ページのタイトル

Research

General information

Summary

We are using X-ray crystallography, nuclear magnetic resonance (NMR), and electron microscopy. Although structure determination is the essential part of our approach, we emphasize that structures themselves are not a goal, but a starting point of studies. "Structures at work" is an important keyword of our researches. Protein structures inspire the design of new biochemical experiments, and the feedbacks produce new targets for structural biology in the future. The tight coupling of structure determination and biological experiments is essential for successful structural studies. Recently, we focus on the physicochemical basis that enables protein molecules to fold into three-dimensional structures smoothly in a short time.

Interactions of proteins with their ligands can be divided into two categories: strong interactions and weak interactions. The strict specificity and tight binding of strong interactions are based on the shape and electrostatic complementarity at the molecular interface. The structure of the protein-ligand complex clearly describes the details of the strong interaction. In contrast, weak interactions are characterized by molecular recognitions with nonstrict specificity and weak affinity. Note that nonstrict specificity is not equal to non-specificity. A protein with nonstrict specificity can bind to a set of ligands without apparent structural similarity. Many people are interested in strong interactions, but weak interactions are also very important in various biological phenomena.

When a protein molecule is in dynamic equilibrium between two states (or structures), we usually consider one equilibrium constant K and two rate constants k (one for going and one for returning). However, when measuring K and k at the amino acid residue level using techniques such as NMR, these values may vary for each residue.
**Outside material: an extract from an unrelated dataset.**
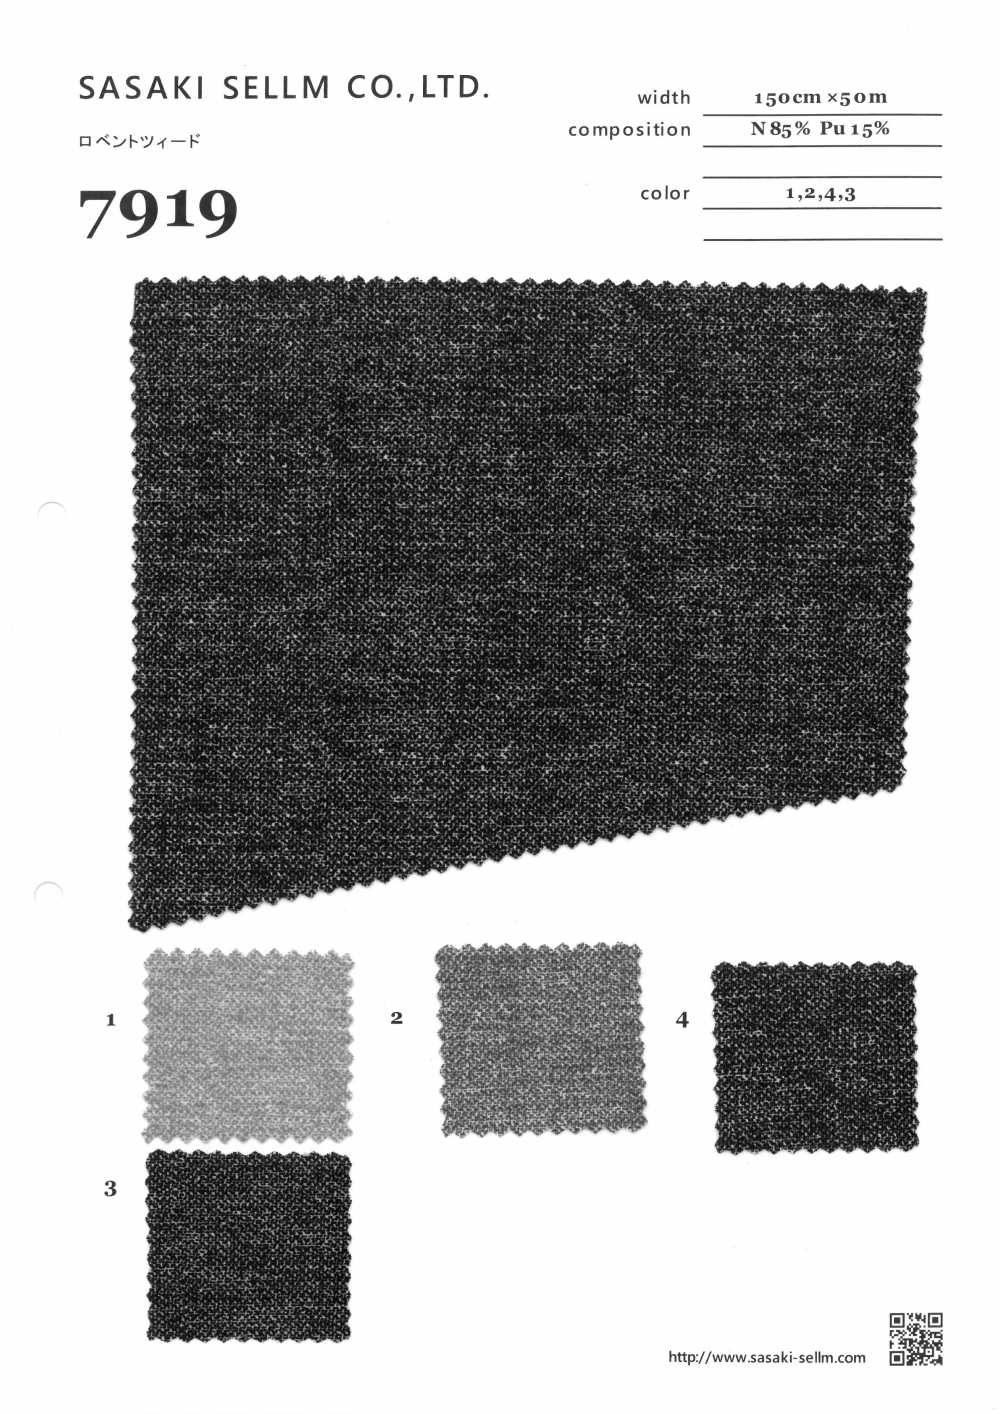 7919 Lovent Tweed[Fabrication De Textile] SASAKISELLM

Until now, the variance of this value has been ignored as a measurement error, but when we created a log k vs. log K plot, we discovered a linear relationship. This linear relationship is the key to answering the mystery of how protein molecules can fold quickly and smoothly.

The physicochemical basis that allows protein molecules to fold into native structures within a short time

Proteins can fold smoothly into their native three-dimensional structures within a short period of time, typically, on the order of milliseconds. Although this is a special property gained through natural selections in biological evolution, it is not easy to clearly express the difference between naturally optimized proteins and artificial polypeptide chains. Recently, using AI such as AlphaFold2, it has become possible to design artificial proteins that quickly form stable three-dimensional structures. However, AI uses 200,000 structures registered in the Protein Data Bank (PDB) for deep learning and thus uses the protein properties acquired through evolution as they are (without extracting them as rules). Therefore, even in the AlphaFold era, the mystery of quick protein folding has not yet been elucidated. How can we answer the great mystery in the protein science?

Our starting point is to break the conventional view that the folding of protein molecules is highly collaborative. Usually, protein folding, and more generally structural changes, are described using a single equilibrium constant K and a single rate constant k (there are two, forward k and backward k'). However, when the values of K and k are determined for each amino acid residue using techniques such as NMR, the values often differ from residue to residue. Nevertheless, the variations in the K and k values have been ignored as experimental errors for a long time. Our advantage is that we found a linear relationship in a log k (or log k’) vs. log K plot. This linear relationship is called the "linear free energy relationship." Many linear free energy relationships have been empirically found in chemical reactions and biological phenomena, but our linear relationship is completely new based on data points from multiple amino acid residues in one polypeptide chain under one condition （J Biomol NMR 76:87-94, 2022）. Furthermore, when we conducted an exhaustive literature searche and created log-log plots of two-state protein exchange phenomena, we discovered many examples of linear relationships（Sci Rep. 12:16843, 2022）.

Once we accept that foldable polypeptide chains (i.e., proteins) have a linear free energy relationship at the residue level, the question about its physicochemical origin arises. Our answer is the "Consistency Principle." In 1983, Nobuhiro Go (an associate professor at the Faculty of Science in Kyushu University) proposed the Consistency Principle. It is expressed as "There are only two states, an initial state and a final state, in the folding process of proteins, and the non-covalent interactions that occur between two amino acid residues are limited to residue pairs that are in contact in the final folded state.'' Although there is support from computational science to date, there is no direct experimental evidence.

It is necessary to theoretically derive the relationship between the residue-based free energy linear relationship and the Consistency Principle. We showed that the residue-based LFER is an experimental consequence of the consistency principle （BPPB. 20:e200046, 2023).

The residue-based free energy relationship (rbLFER) can be used to obtain information about the transition states of structural changes in proteins. The equation that describes rbLFER is equivalent to the equation of state of ideal gas, and the properties of real proteins are observed as deviations from the ideal protein. As an example, we showed that the data points (7 residues) that deviated from the straight line in the log k vs. log K plot of apomyoglobin corresponded to the transient movement of an α-helix in the transition state（Sci Rep. 12:16843, 2022). It can also be used for a new Φ value analysis without using amino acid mutations （BPPB. 20:e200046, 2023) ．

Mitochondrial Protein Import System

The mitochondrion is one of the organelle in animal and plant cells, and performs various important biological processes, including the production of ATP and apotosis. The mitochondrion is enclosed by two biomembranes, the outer membrane and the inner membrane. The most of mitochondrial proteins are synthesized in the cytosol and must be imported into mitochondria. What is the molecular basis for the sorting of these proteins into mitochondria?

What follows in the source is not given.